Московское наречие - Александр Дорофеев
Шрифт:
Интервал:
Закладка:
Разбудил неумолкаемый багровый гул, подобный фабрично-заводскому. Привыкший просыпаться в незнакомых местах, Туз все же вздрогнул, увидев над собой рожающую каменную бабу. Вокруг нее копошилось с дюжину маленьких Колек-ножичков, точь-в-точь, как папа, ископаемые. Поклонившись бабе, чтобы приняли за своего, на корточках он выполз из кибитки. И замер, увидев на плетне человеческие черепа. Ранним утром после выпивки все это разом принималось с трудом.
«Каков клаксон!? – отвлек Коля-нож, высунувшись из едва заметного в песках беспородного автомобиля. – Сайгаки, кум, на колени падают, только вяжи! Сейчас, сейчас поедем, тут рядом – за сто минут сто километров!»
В открытой машине освежающе пахло псиной и сайгачным навозом. На дорожку Сара поднесла им по огромной пиале бирюзовой, как каракалпакское небо, нукусовки. «Эта уж не пиала, – кивал Коля-нож. – Эта, кум, зовется коса. После нее в миг косеешь!»

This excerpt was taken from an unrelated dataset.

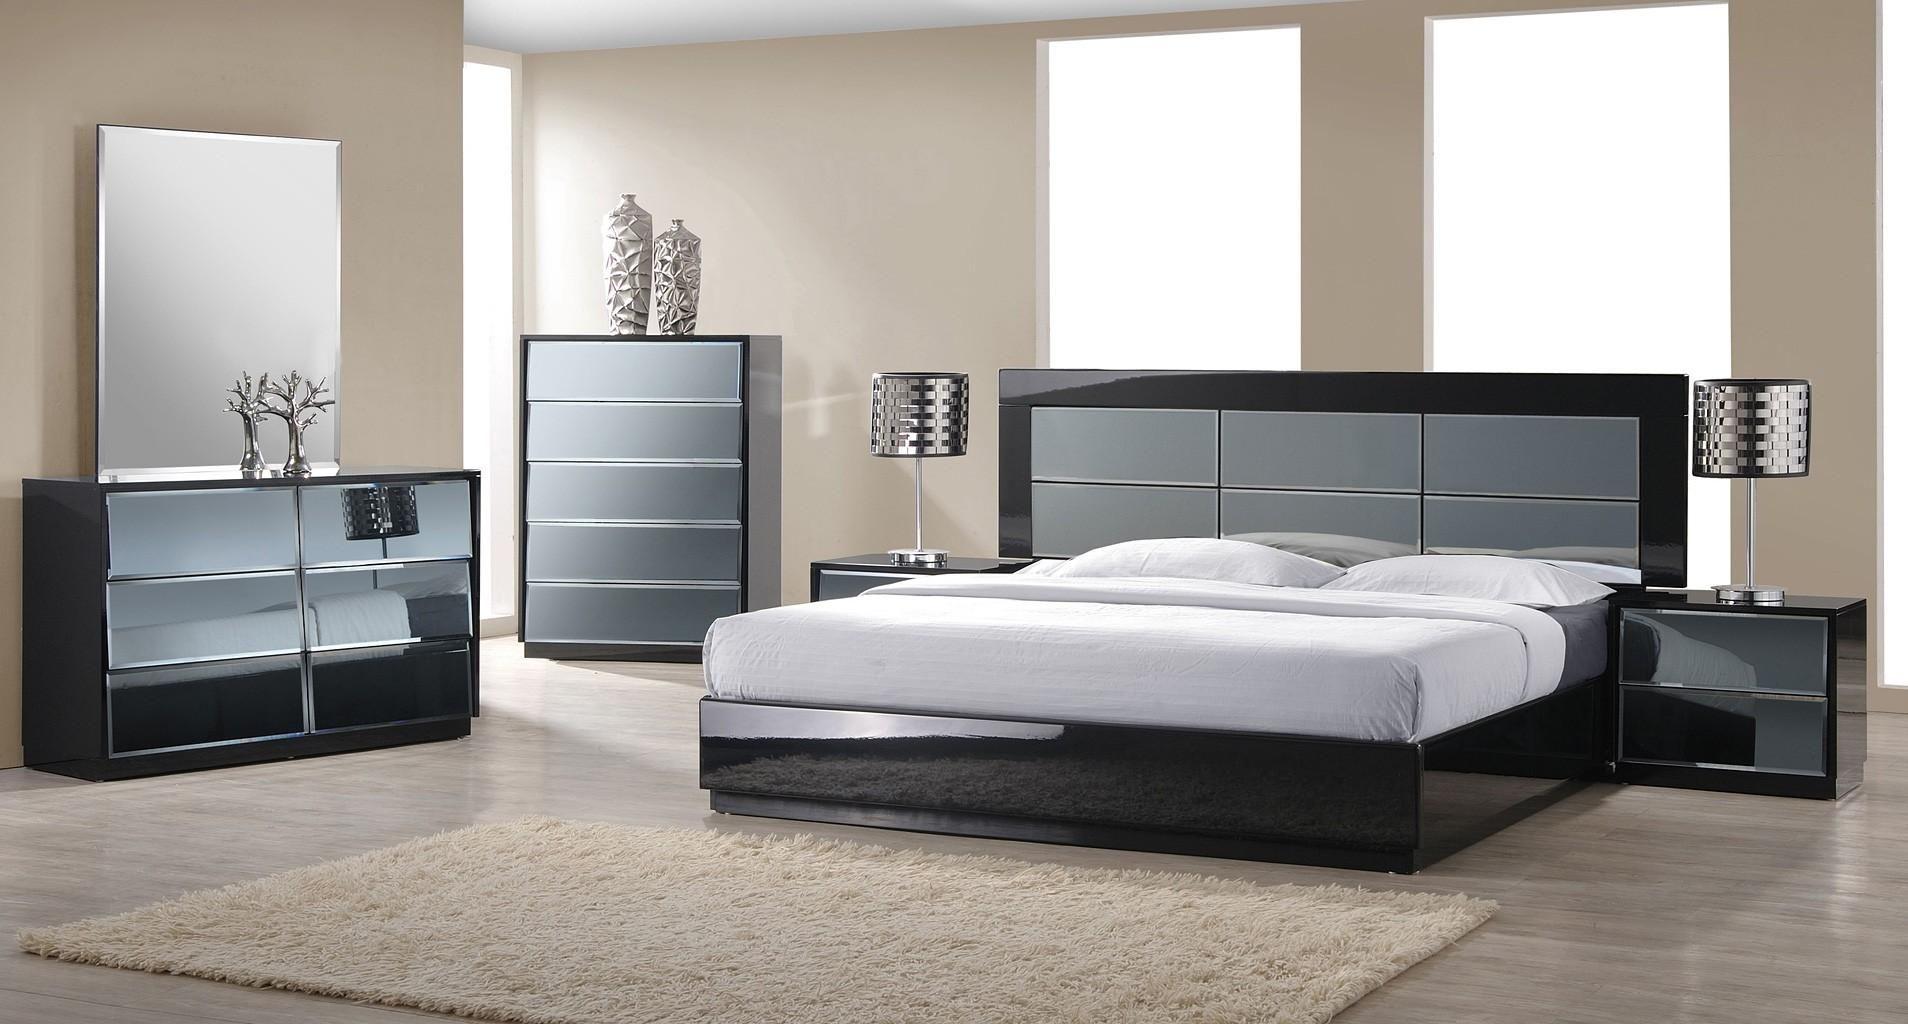 Venice Platform Bedroom Set Platform Bedroom Sets Bedroom Sets King Bedroom Sets

Опрокинув косу, Туз тотчас вновь и бесповоротно уразумел, что первобытные люди никак не глупее нынешних.
Под трубный рев запавшего клаксона Коля-нож вихлял по пустыне, объезжая лишь ему заметные препятствия. «У нас все беды, – орал задумчиво, – от дорог и дураков!» Пески вдруг кончились, и колеса захрустели жесткой соляной коркой, из-под которой выбулькивала черная жижа. «Но от ума у нас, знаешь чего, кум?! – надрывался Коля. – От ума и того хуже – горе у нас! Нарыли каналов, бляди! Превратили пустыню в болото»…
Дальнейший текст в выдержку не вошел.